We have a big family. My host mother is Elena, just like me. In Peruvian Spanish, there is a word for two people who share a name and are friends. We are tocayas. (If they are male the word is tocayos.)
In this picture you can see the children of the family. The boy on the left is Arturo. He is 6 years old. The boy in the middle is Efrain. He is ten years old. Their mother is Elena’s daughter Kenia, so I call them my nephews (mis sobrinos). The little girl on the right is Pamela. Her father is Elena’s son Alan, so Pamela is my niece. She lives with her parents in Lima, which is a very large city an hour to the west, on the coast. It’s the capital of Peru.

Elena is married to Nestor. He’s my host-father. They have 4 children. The daughters are Kenia and Grecia. They are named for the countries Kenya and Greece.

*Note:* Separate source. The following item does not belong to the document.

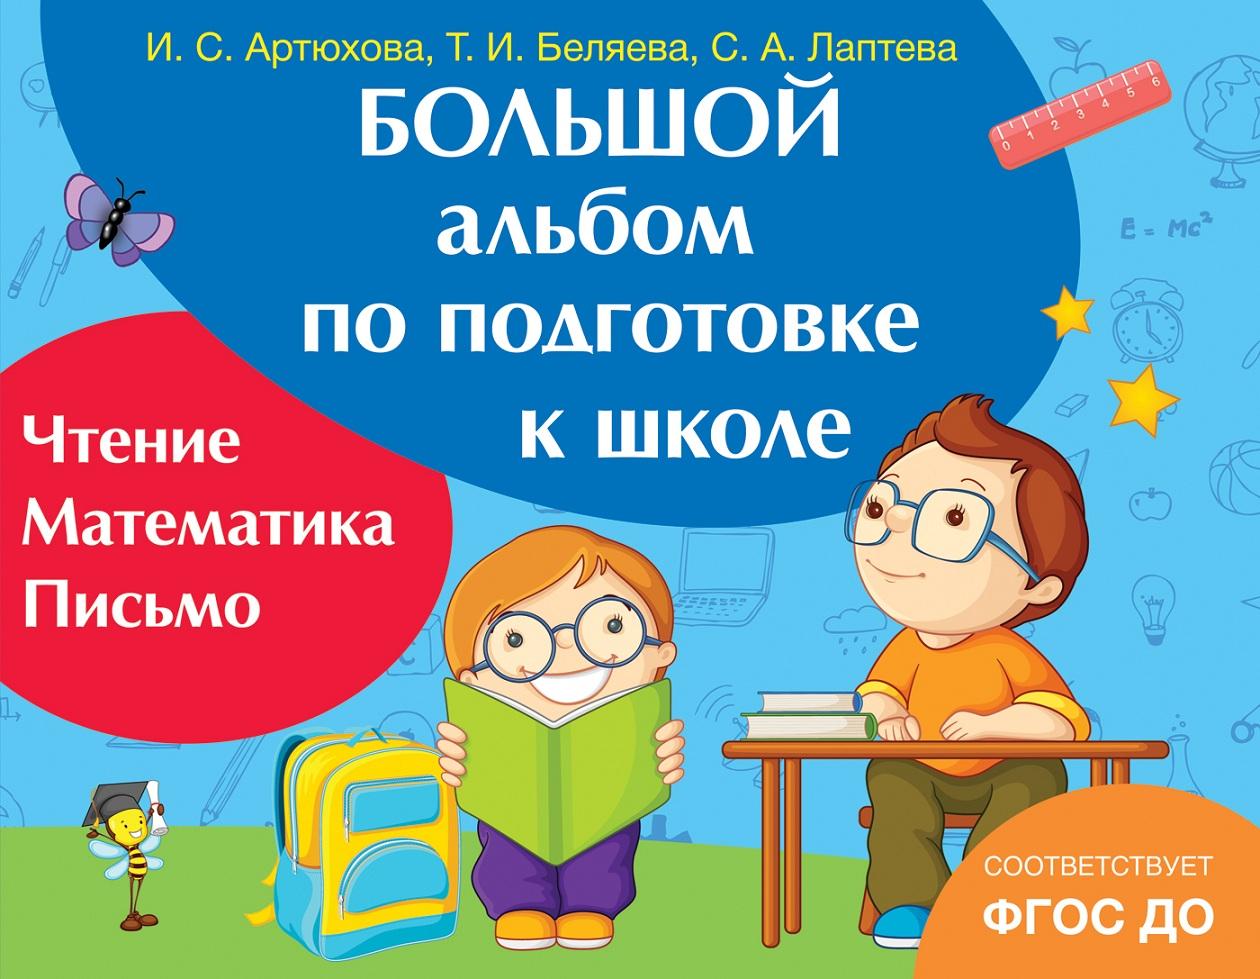 Большой альбом по подготовке к школеОбучающие книги и задания<br>Большой альбом по подготовке к школе<br>

The sons are Alan and Nestor, junior. In Spanish, that’s Nestor hijo.

Except for Alan and his family, everyone lives together in our house in Yanacoto. With me in the house, we are 8 people: Elena madre, Nestor padre, Kenia, Nestor hijo, Grecia, the boys Efrain and Arturo, and me: Elena hija. 

Here I am, on the hillside above the town. Yanacoto’s chapel for its patron saint is in the background.

From Peru, we wish you a beautiful spring.